Fix vs Change
It has been a painful week for checkins.
We have a complicated system for checking in our code. There are hundreds of devs in our division and tens of thousands of source files in our product. Different groups have different cultures; one may have a "death before dishonor" ethic in which they wouldn't tolerate a member of their group checking in a change which would break the daily build, others may have more of a "let's try this..." attitude. Thus, we have policies for code reviews, verification, and checkin.
This week we lost some hardware used for buddy testing and a couple of obscure bugs got checked in which didn't break the suites on one machine but did on another, making the normally tedious task unusually painful. And so the suggestion arose to change our process to improve efficiency. A noble ambition, but with its drawbacks.

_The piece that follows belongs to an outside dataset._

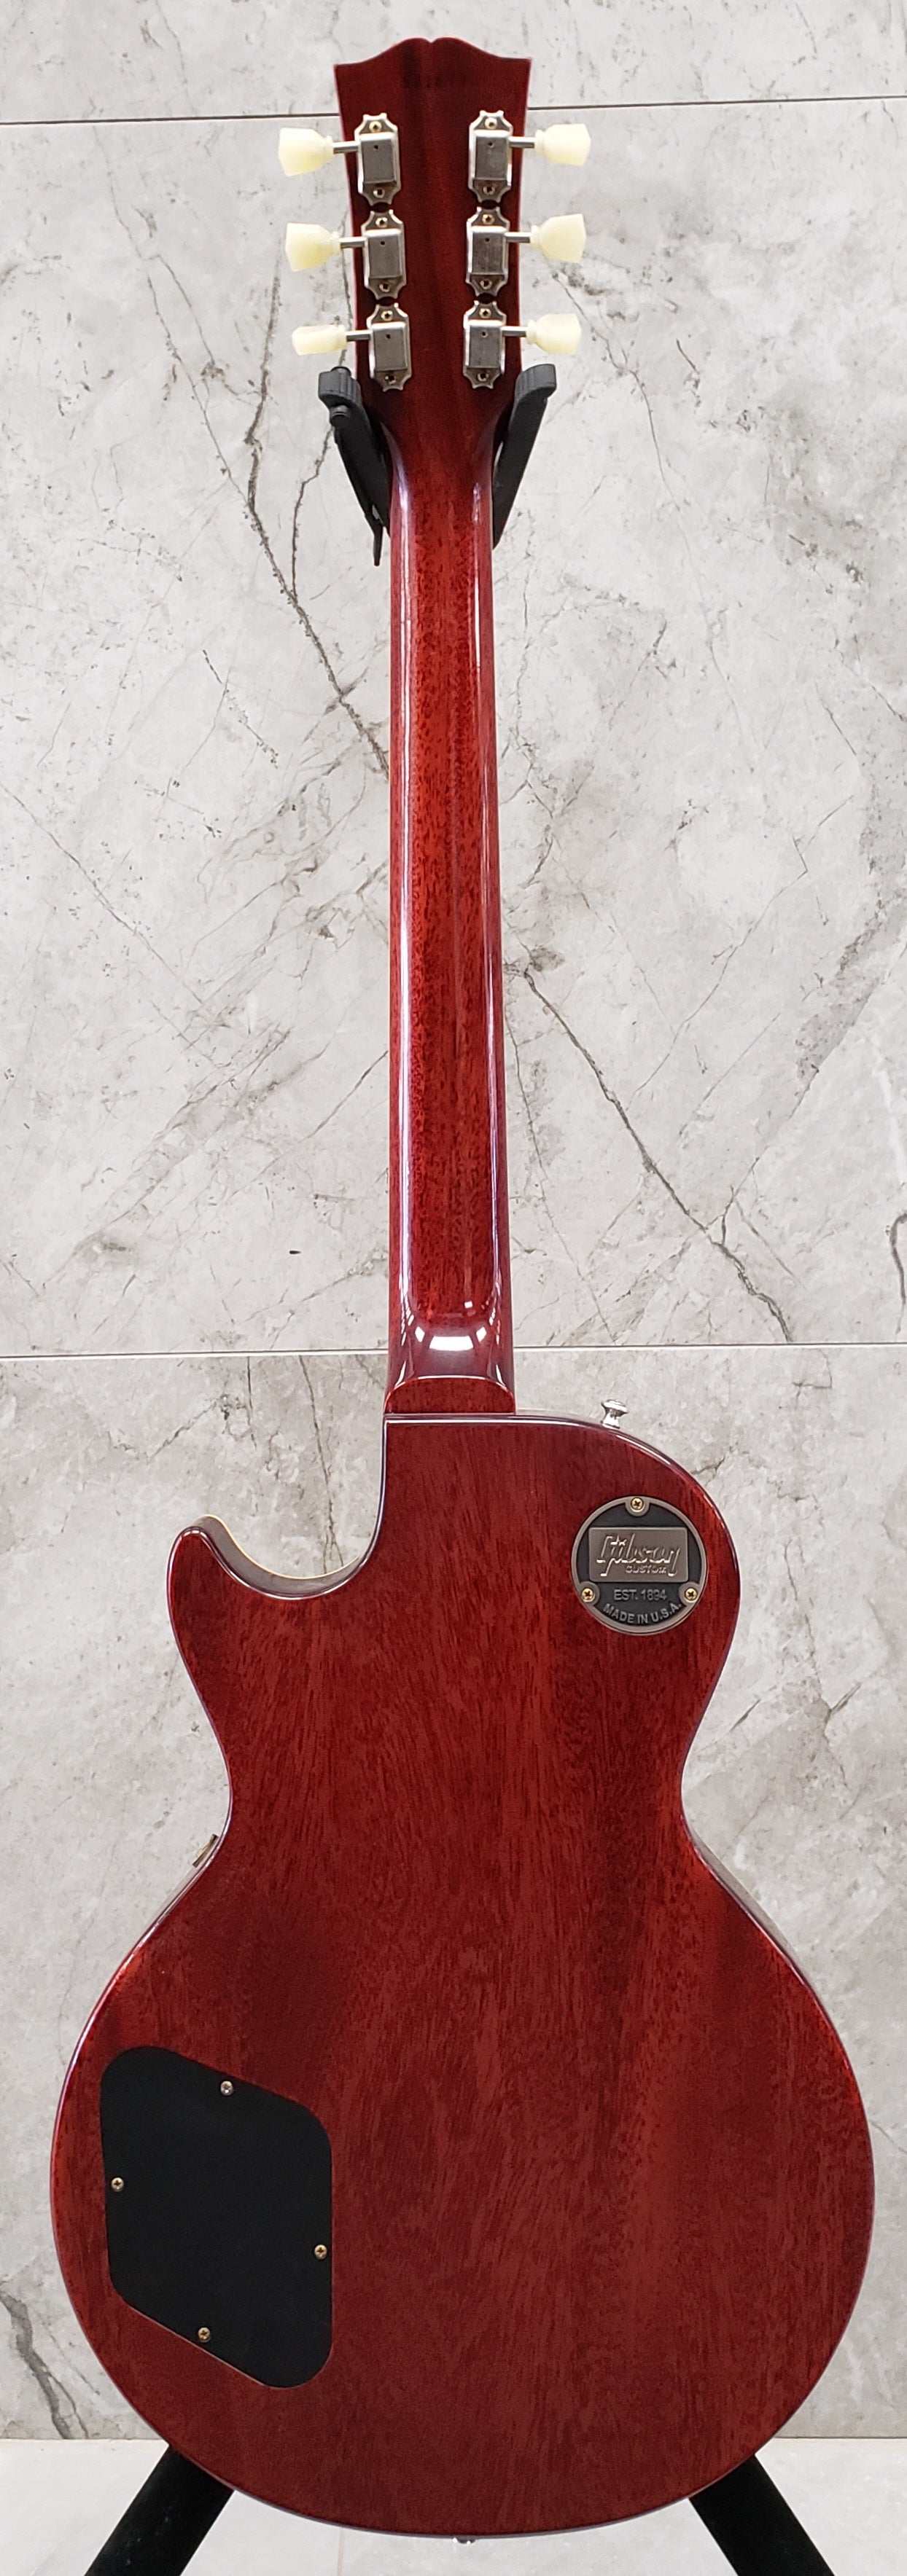 Gibson Custom Shop 1959 Les Paul Standard Reissue VOS Factory Burst - Nickel Hardware LPR59VOFANH SERIAL NUMBER 901673 8.6 LBS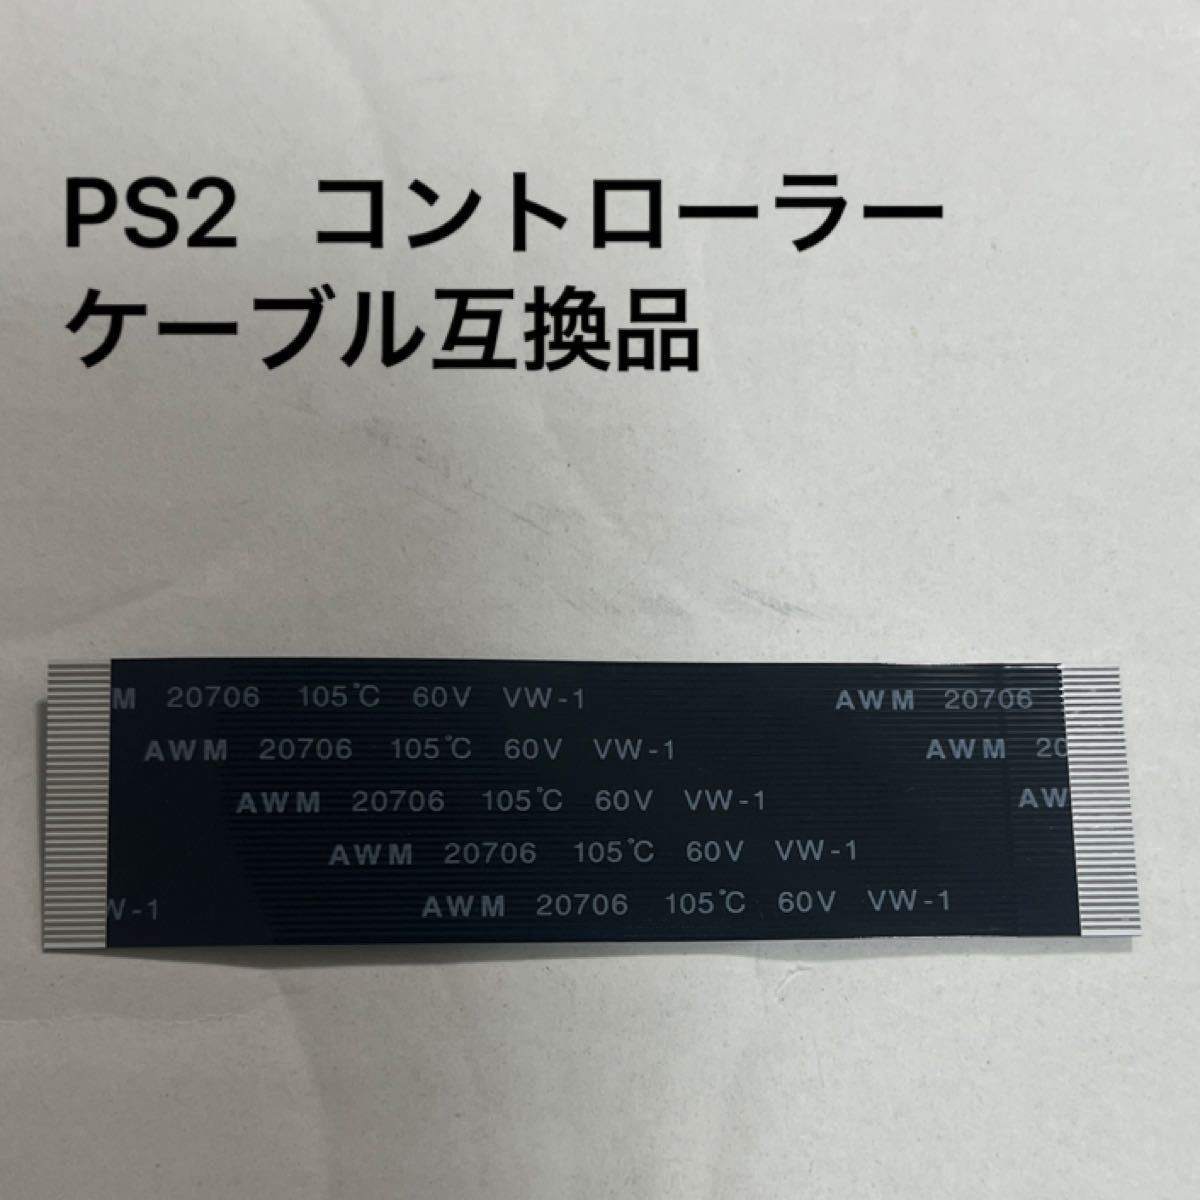 PS2 3xxxx~5xxxxシリーズ対応 フラットケーブル 互換品

How do you go about improving a system's efficiency when you don't have any baseline data, or any tests to determine the effects of your changes? We have several anecdotes in circulation this week, but what use is that for evaluation? Worse, it seems to me that the metrics that we'd need would be painful to collect. If we wanted to compare time spent coding to time spent checking in it would require substantial effort on each dev's part. I keep three computers busy most of the time. Seven, occasionally. What part of that is actual checkin time, and who wants management scrutinizing your hours spent coding if you're not already so blessed. (This is a valuable metric by itself, but streamlining the checkin process does not justify the cultural changes it takes to acquire this kind of info.)
It occurred to me that sampling might be helpful, but still involves near spyware on each dev's computer. While trust runs pretty high here, these kinds of systems are sensitive to the slightest abuse, or rumor of an abuse. Non-relative information would be simpler to collect, but it's still difficult to measure the actual amount of human engagement in a process which might consist of a significant period of sync'ing and building, then a script running a batch of suites, and then investigating and correcting build or suite failures. As the build and run phases are time consuming, devs tend to fork off and check back before and after lunch; raw numbers are useless. True, there could be buttons to press indicating "I've begun dealing with non-routine problems" and "I'm returning to doing routine tasks" but I'd imagine such buttons would get pressed very little. The benefits and burdens don't match up, and I've found that such systems are no more reliable than self-selected survey samples.
It's important to keep the infrastructure running efficiently, and increasing the productivity and reducing the level of frustration of the team is a wonderful goal. At the moment, however, I'm stumped when it comes to collecting useful metrics.